Polling shows that the top source of information for Gen Z voters of color is social media posts. And Ocasio-Cortez proves adept at demystifying complex topics and communicating accomplishments in shareable digital formats. For instance, her easy-to-digest Twitter graphics (her Twitter and Instagram accounts have 13.4 million and 8.5 million followers, respectively) on the IRA’s climate investments can potentially reach more young voters than an MSNBC segment (primetime has on average 105,000 viewers ages 25-54).
Ocasio-Cortez also has a plan when there aren’t policy accomplishments on top issues to tout. For example, after the Dobbs decision, we presented young voters in focus groups with action items she promoted on social media, including opening abortion clinics on federal land. A young voter lauded it, saying, “That’s what I want. Here are the steps. That’s tangible.”
Additionally, Ocasio-Cortez’s combative tone about abortion access mirrors young voters’ attitudes. A poll of Gen Z and Millennial adults showed the top emotion they felt toward the Dobbs decision was anger (24%). AOC captured this defiance in a June 28, 2022 tweet, where she thumbed her nose at Republicans chastising her for showing her followers how to skirt abortion bans. And this past week, when a federal judge moved to suspend access to medication abortion, she called for the Biden administration to simply defy the judge.

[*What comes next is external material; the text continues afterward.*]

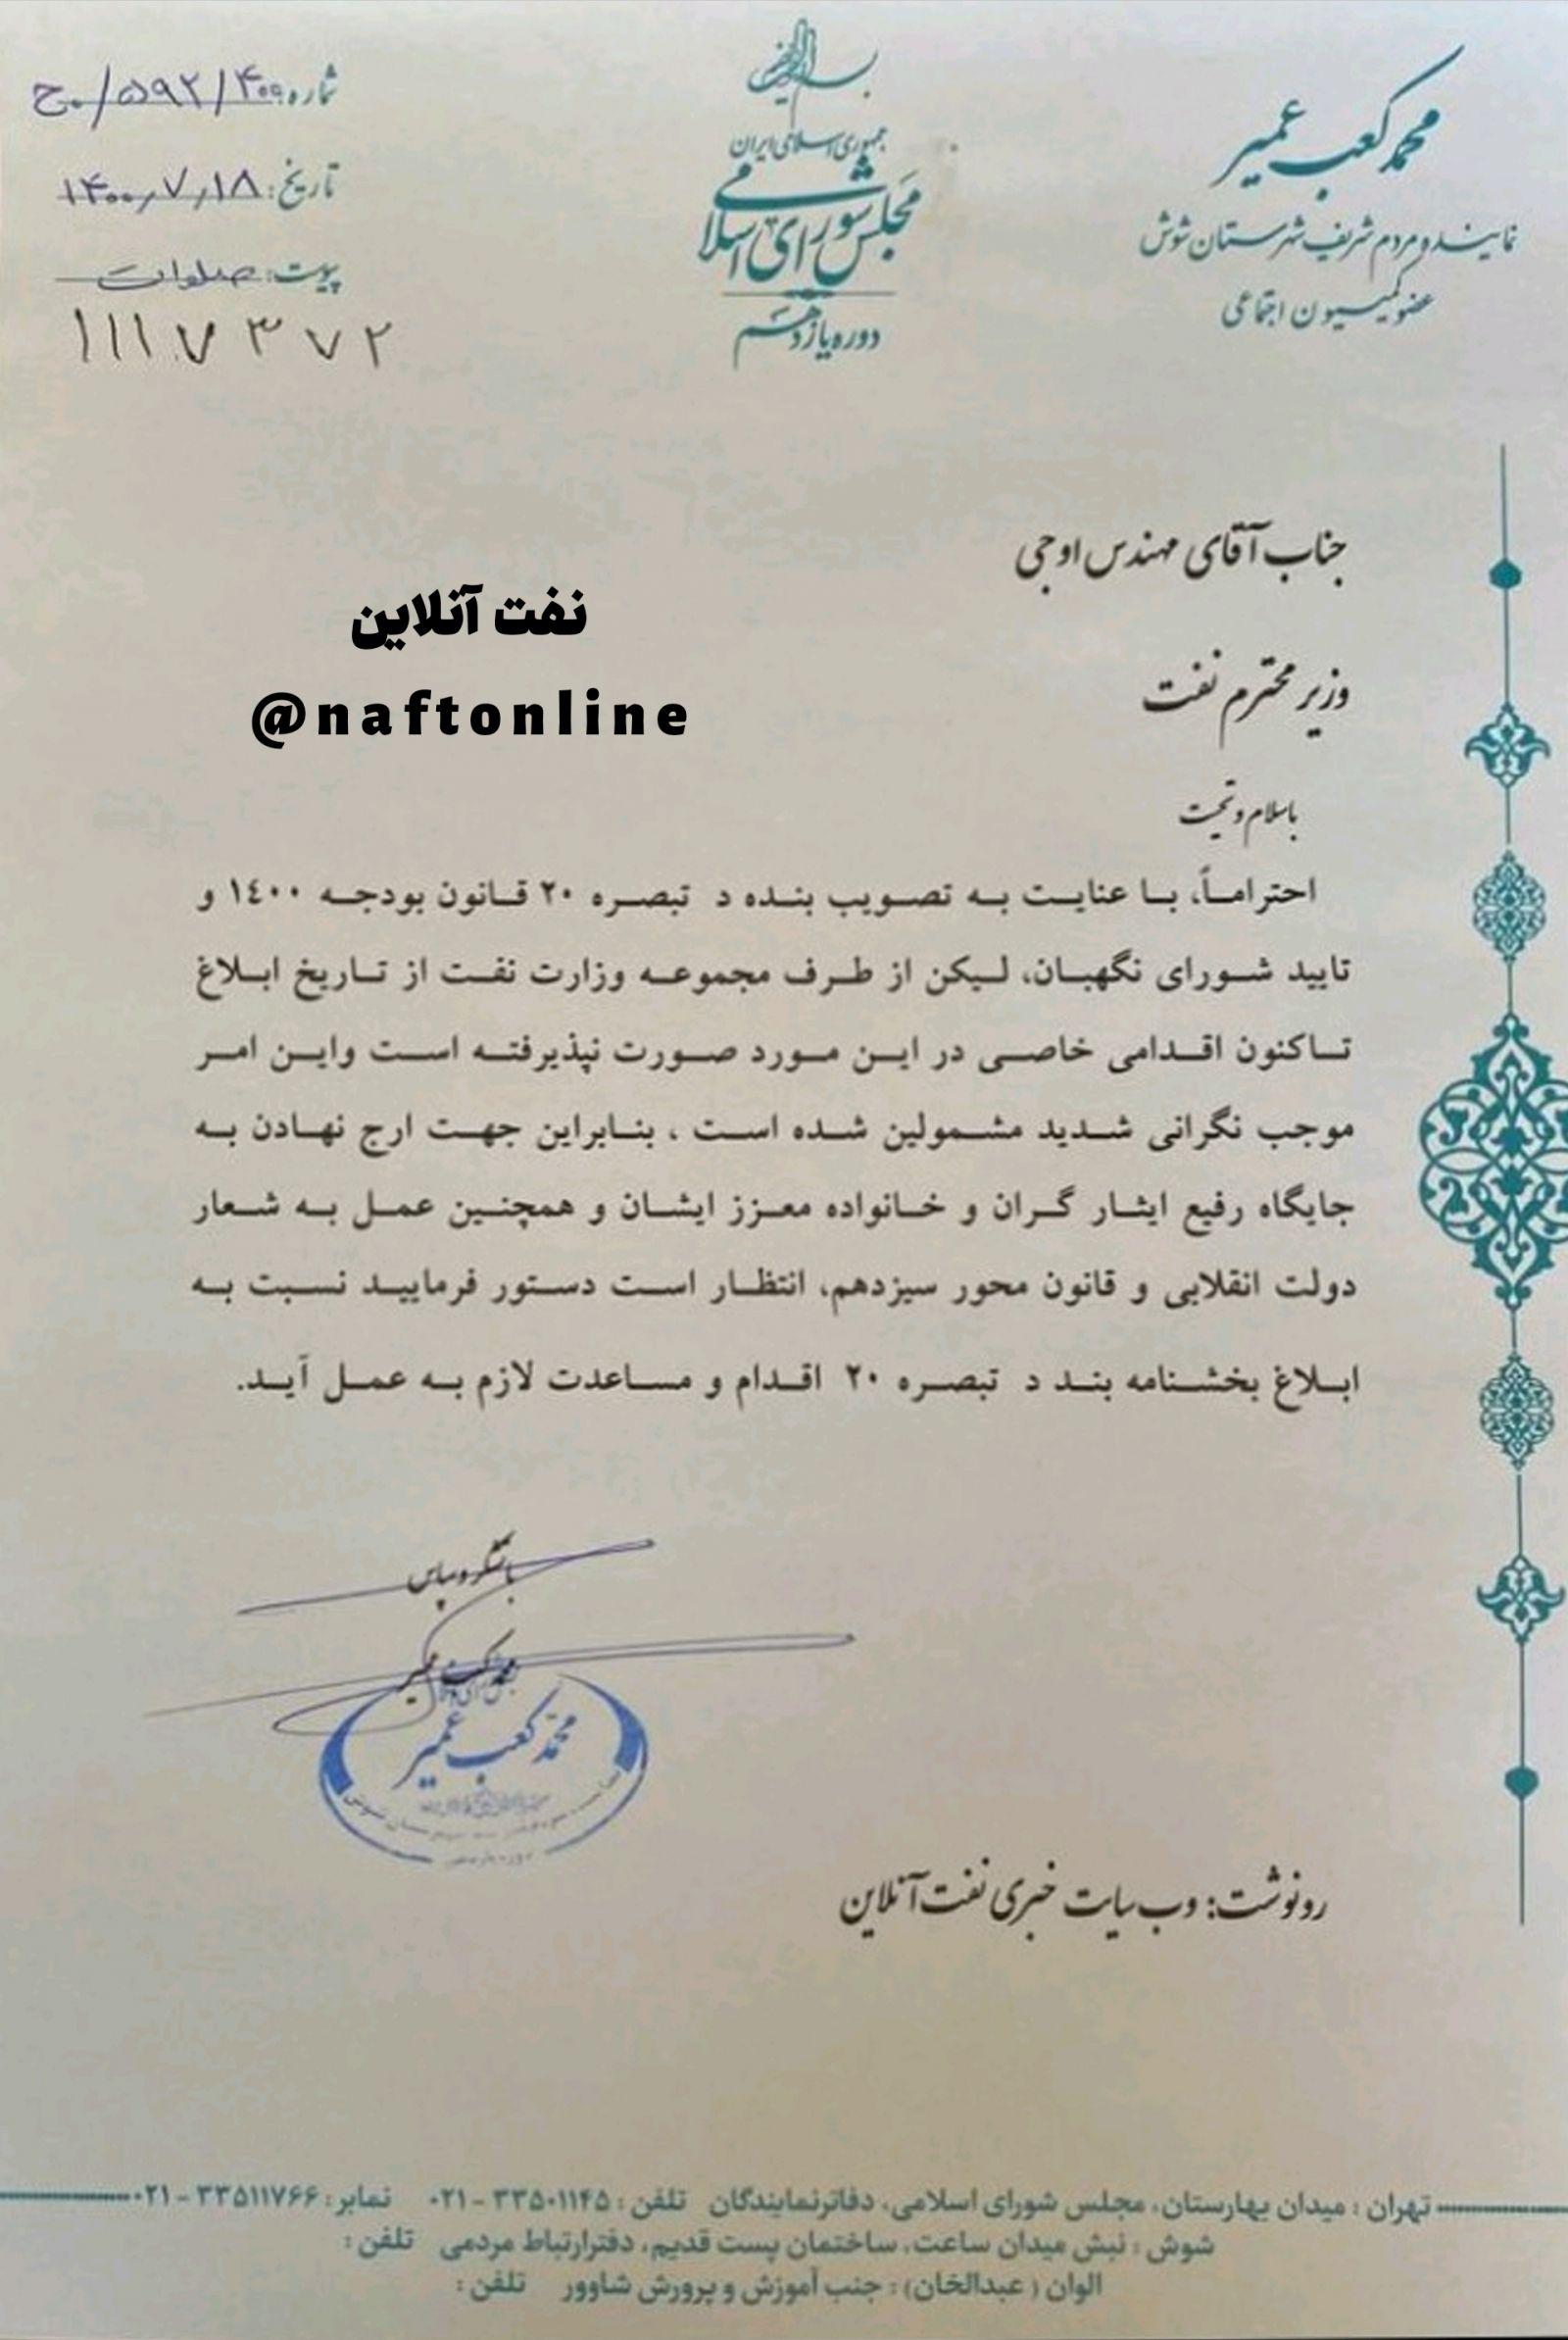 محمد کعب عمیر جواد اوجی نفت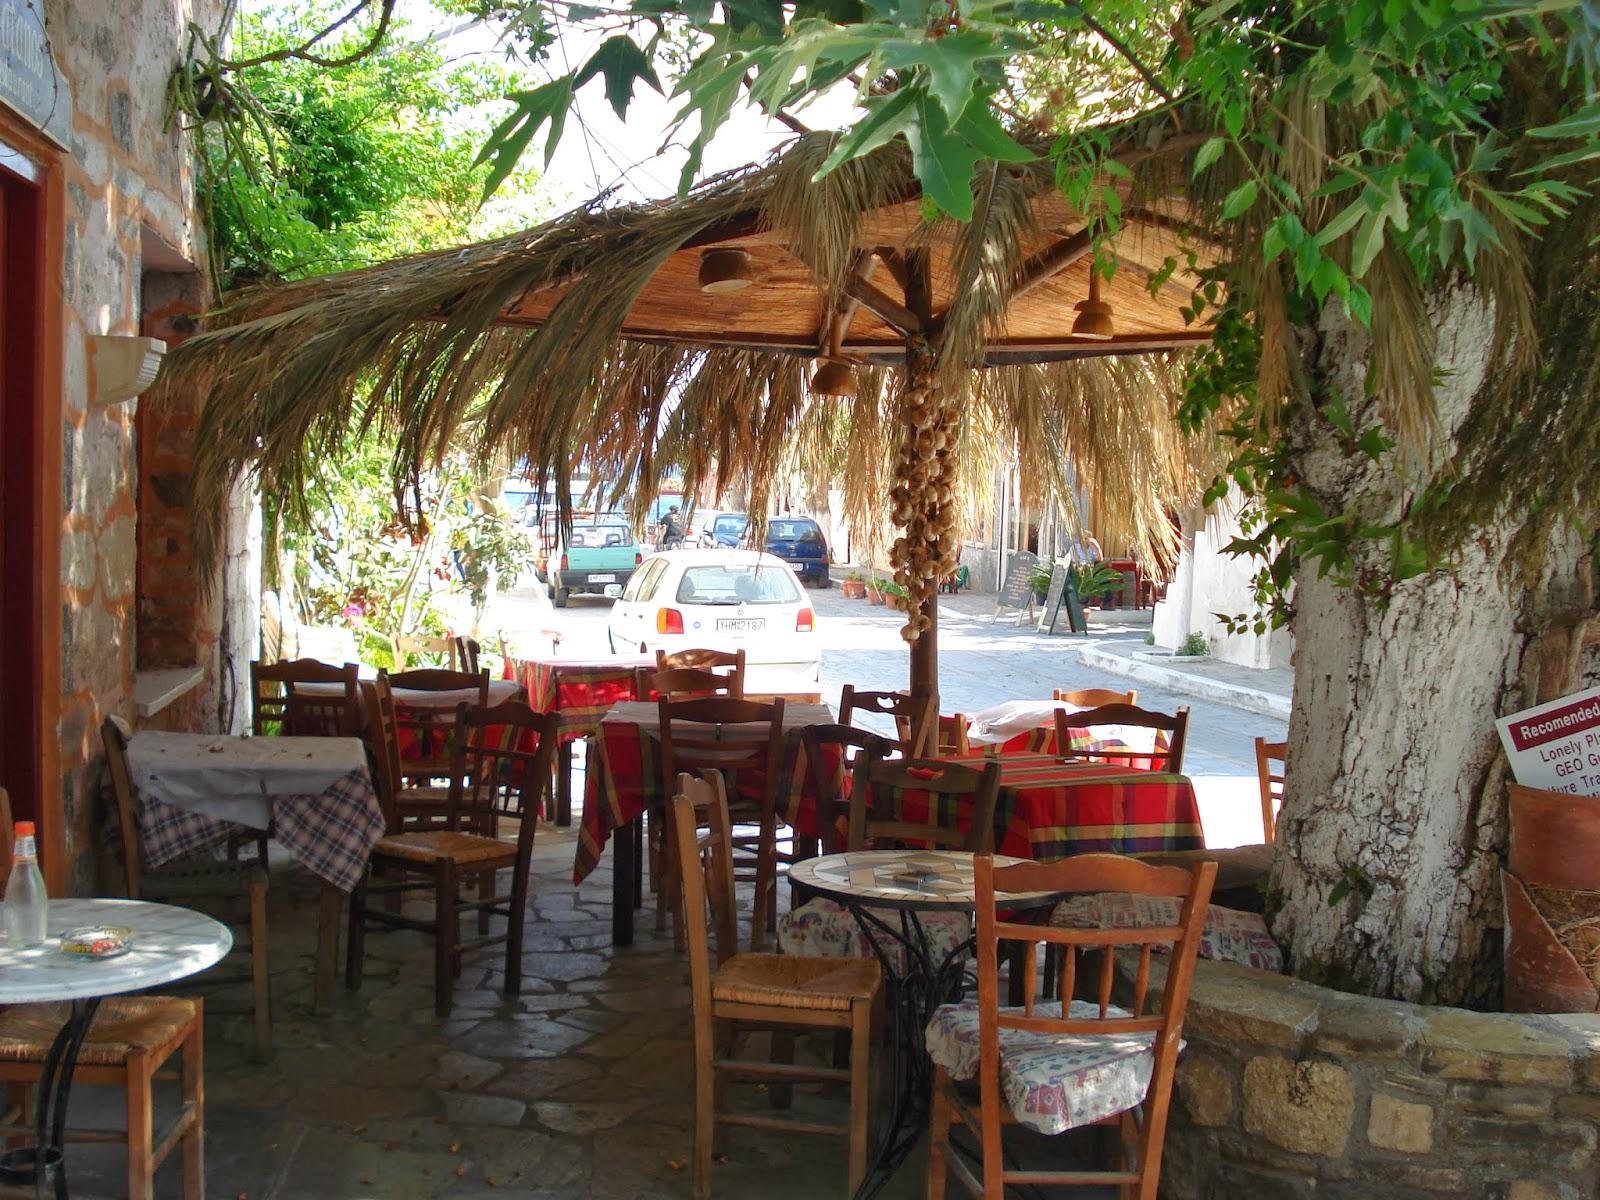 Le blog d 39 a fotografia scorci di taverne greche for Foto di taverne arredate

The Biden Administration and Democrats have begun using some elements of Ocasio-Cortez’s playbook by meeting voters in the digital spaces where they spend their time. At the onset of the Russia-Ukraine War, the White House gathered 30 top TikTok stars to brief them on the conflict so they could relay accurate information to their young followers. And at the 2023 State of the Union, California Representative. Nanette Díaz Barragán brought Olivia Julianna, a strategist for the social media activist group Gen Z for Change, as her guest. Before his speech, Julianna tweeted a thank you to President Biden for American Rescue Plan Funding that helped put her through college. That tweet got more than 750,000 impressions—far more reach among young people than primetime cable.
Sustaining long-term political engagement with young people requires embracing relatable messengers who understand their generation’s struggles and inhabit the same digital and physical spaces. To break through the noise, this messaging must tangibly convey the direct impact of accomplishments on young voters’ top issues and channel the emotions they feel about those issues.